▶ _EXERCISE_
Copy exactly the lines of the data below that run from the line holding "Sika Sikasil-GP Silicone" through the line holding "Pair of unmarked", both ends included.

▶ _MATERIAL SUPPLIED_
----

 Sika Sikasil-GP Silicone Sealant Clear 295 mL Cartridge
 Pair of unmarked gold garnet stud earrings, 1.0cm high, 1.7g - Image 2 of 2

----

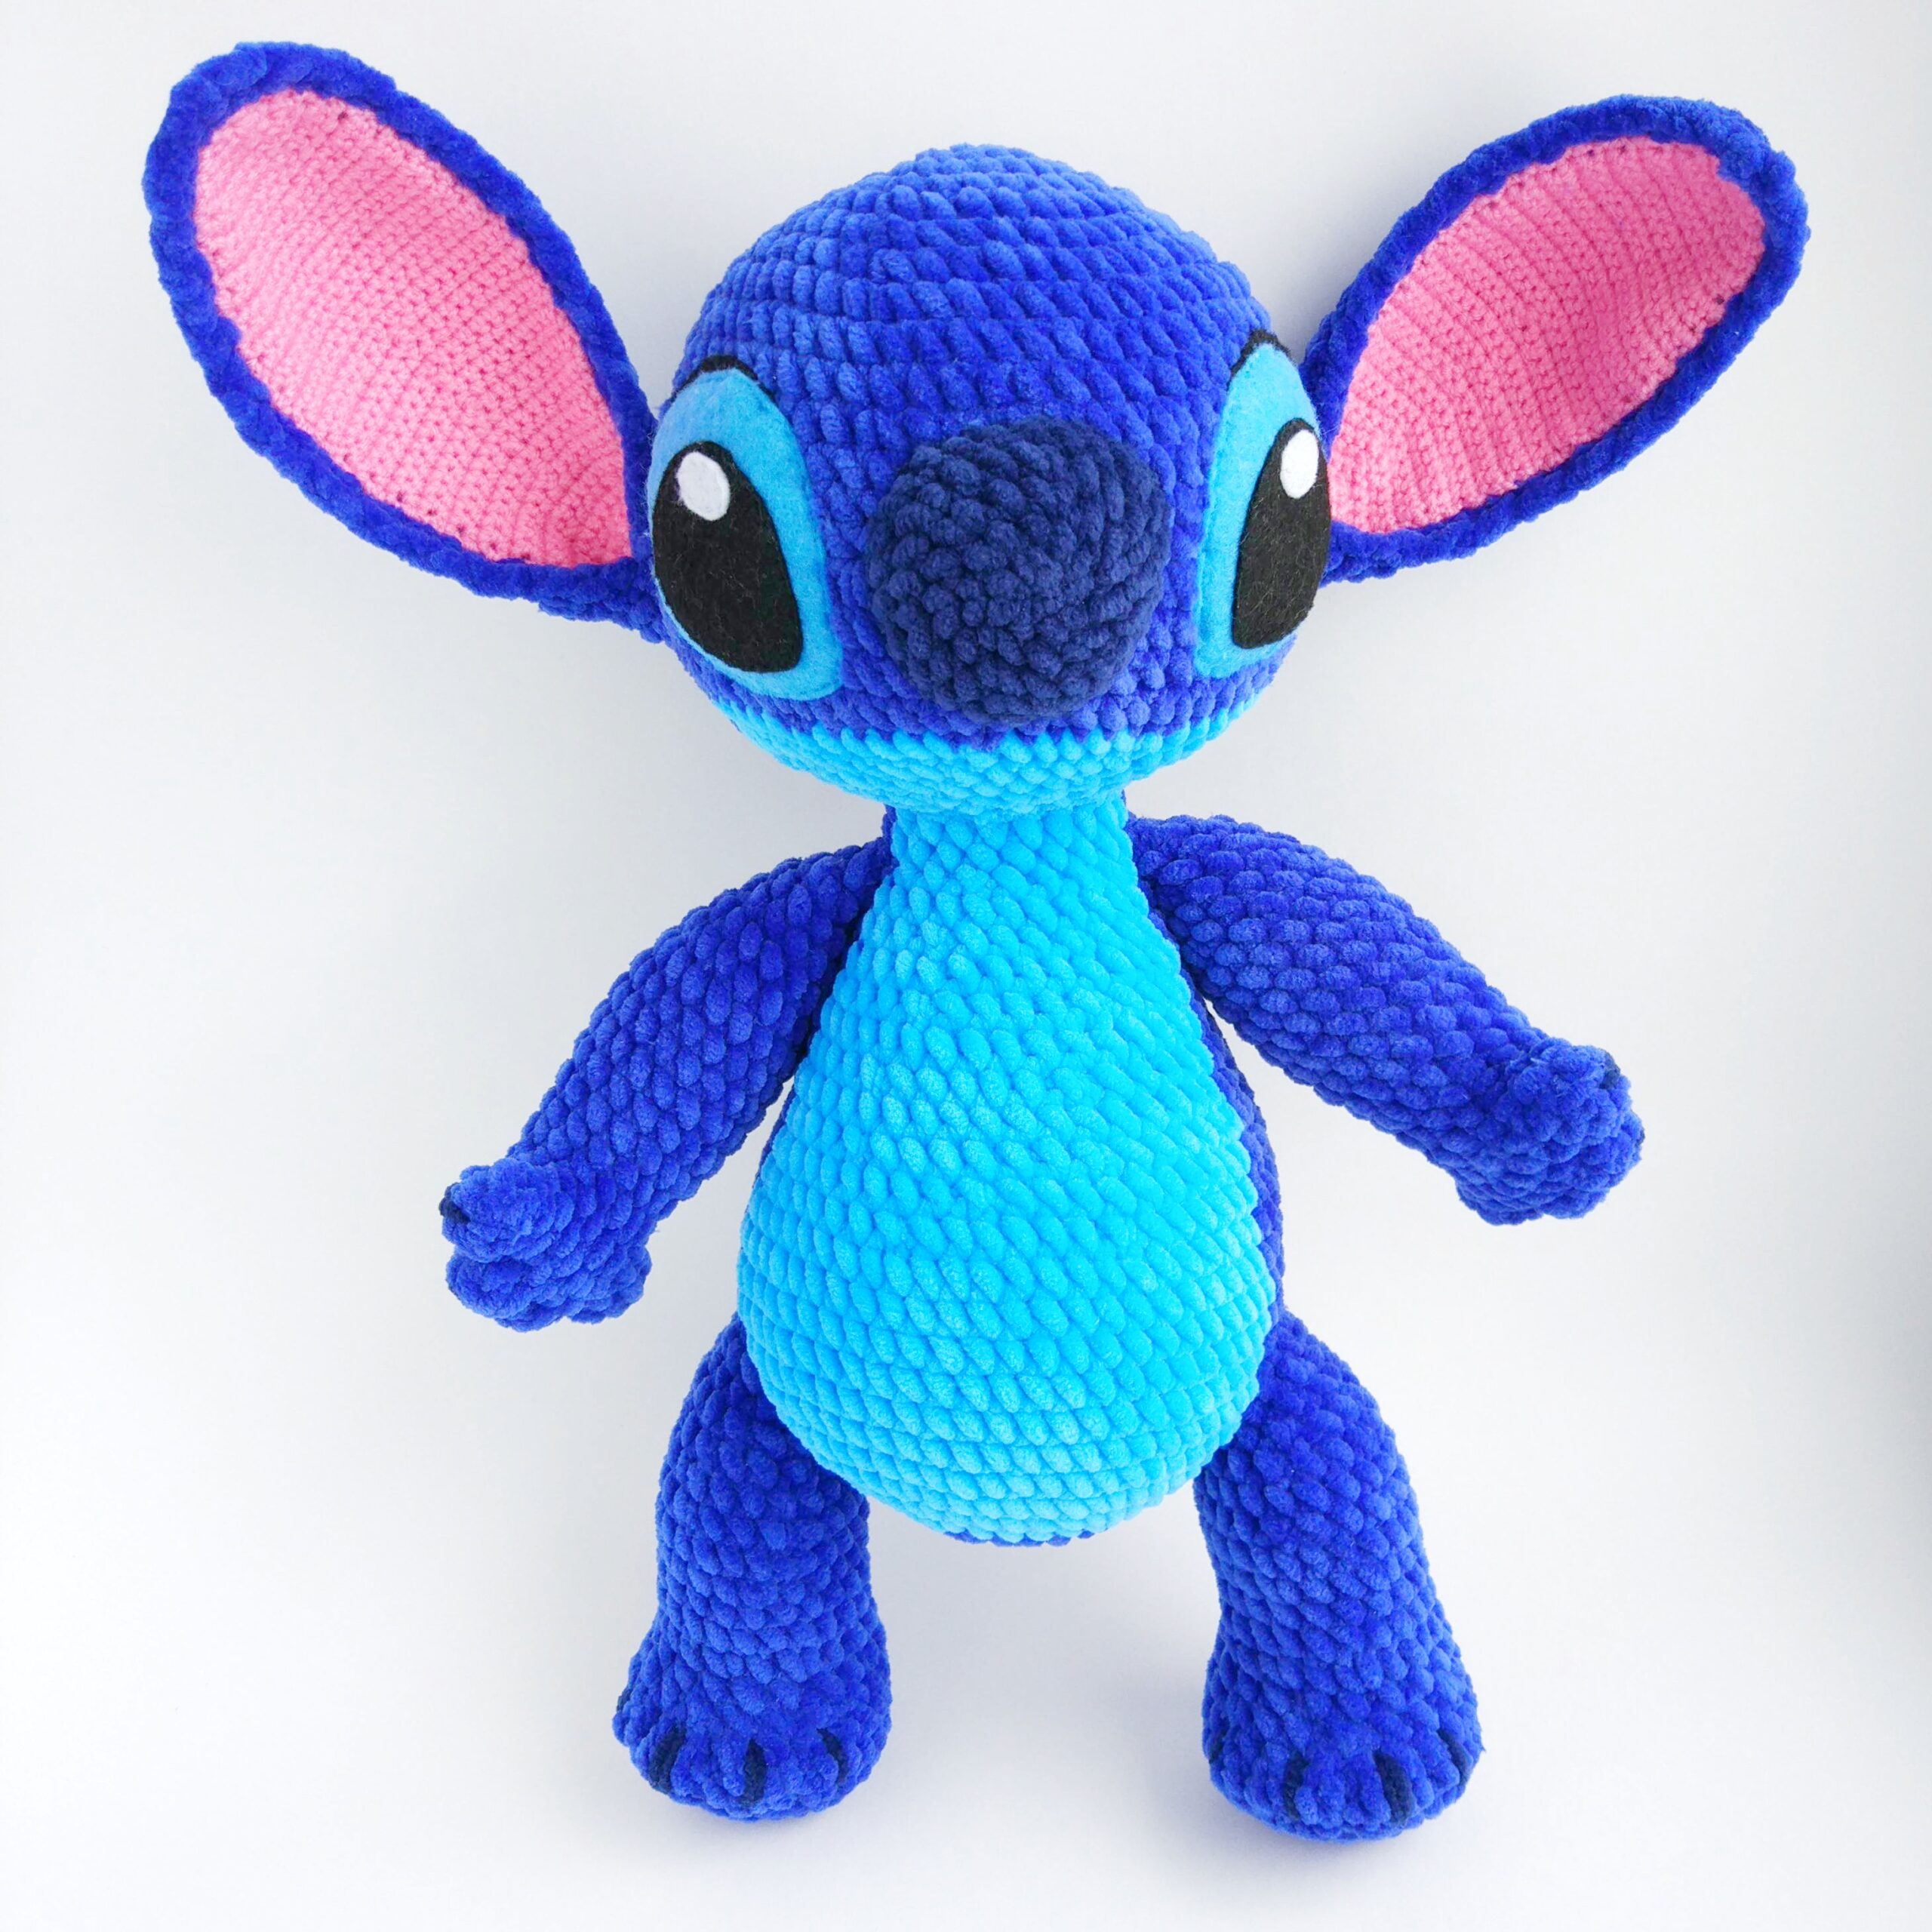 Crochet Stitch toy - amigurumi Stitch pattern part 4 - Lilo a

----

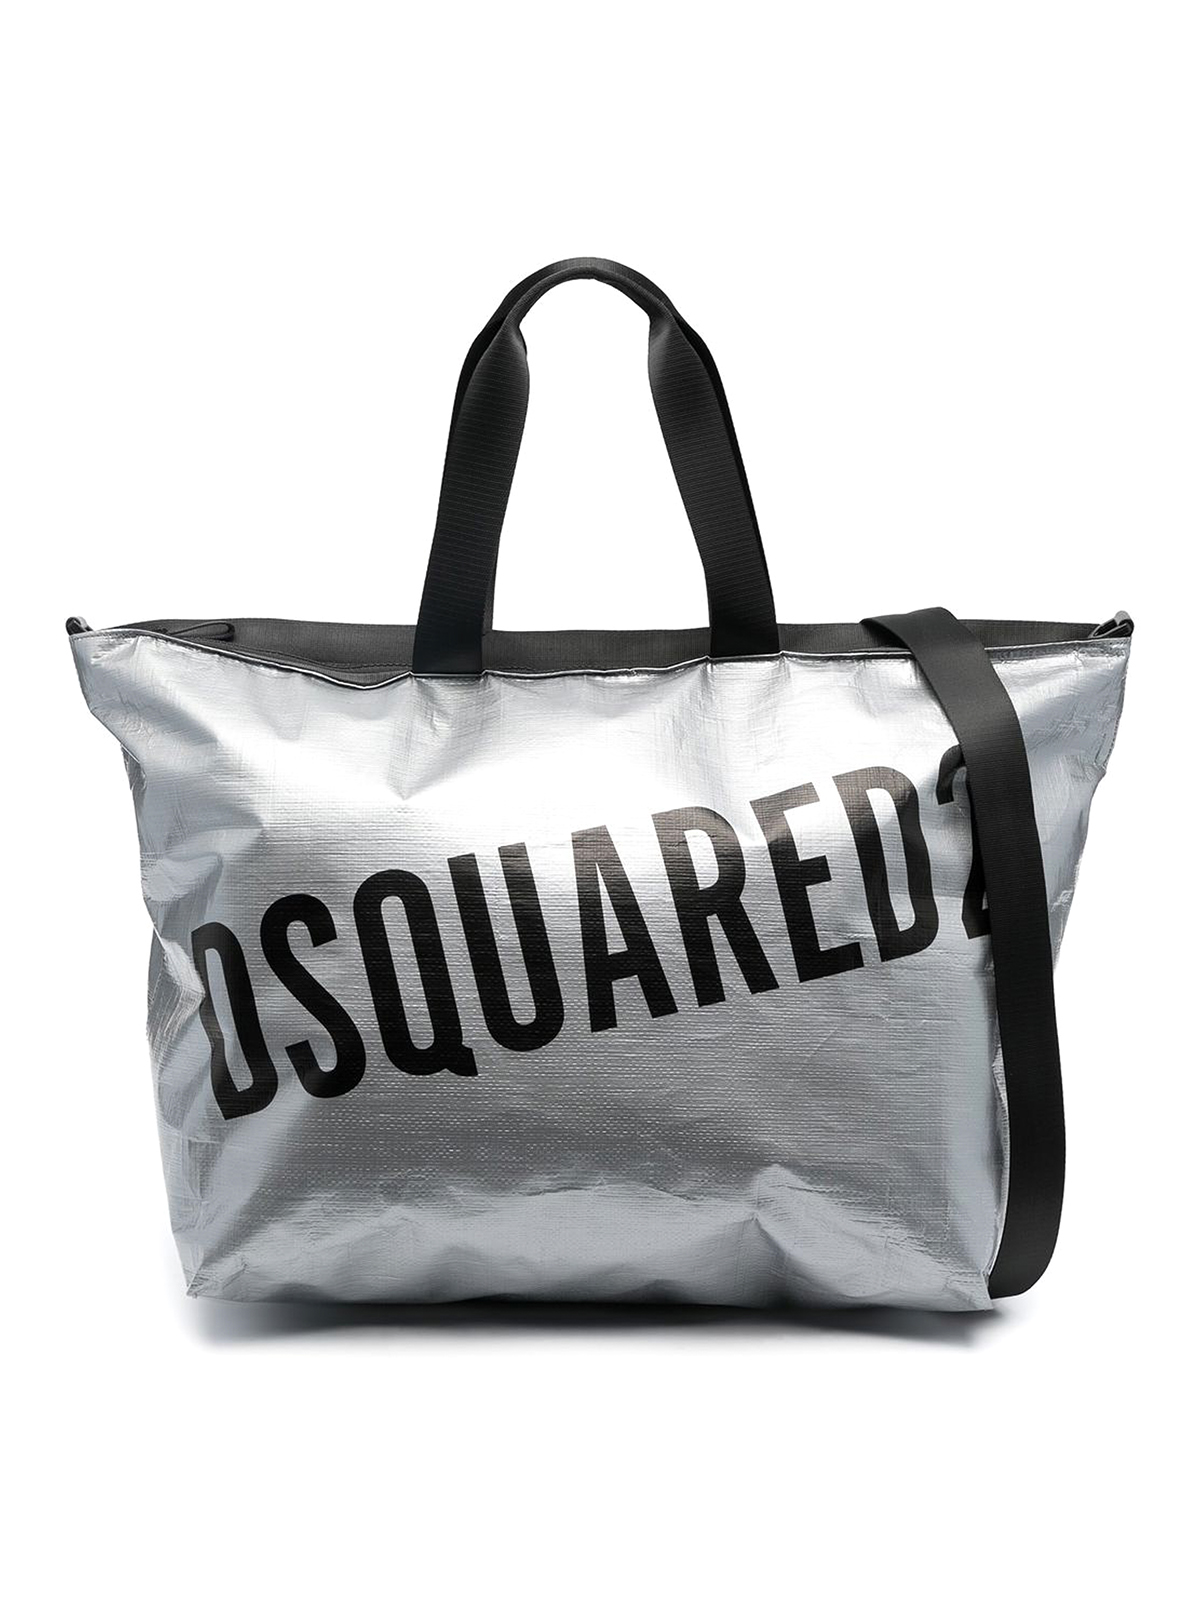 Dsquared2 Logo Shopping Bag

----

▶ _SOLVED PROBLEM_
 Sika Sikasil-GP Silicone Sealant Clear 295 mL Cartridge
 Pair of unmarked gold garnet stud earrings, 1.0cm high, 1.7g - Image 2 of 2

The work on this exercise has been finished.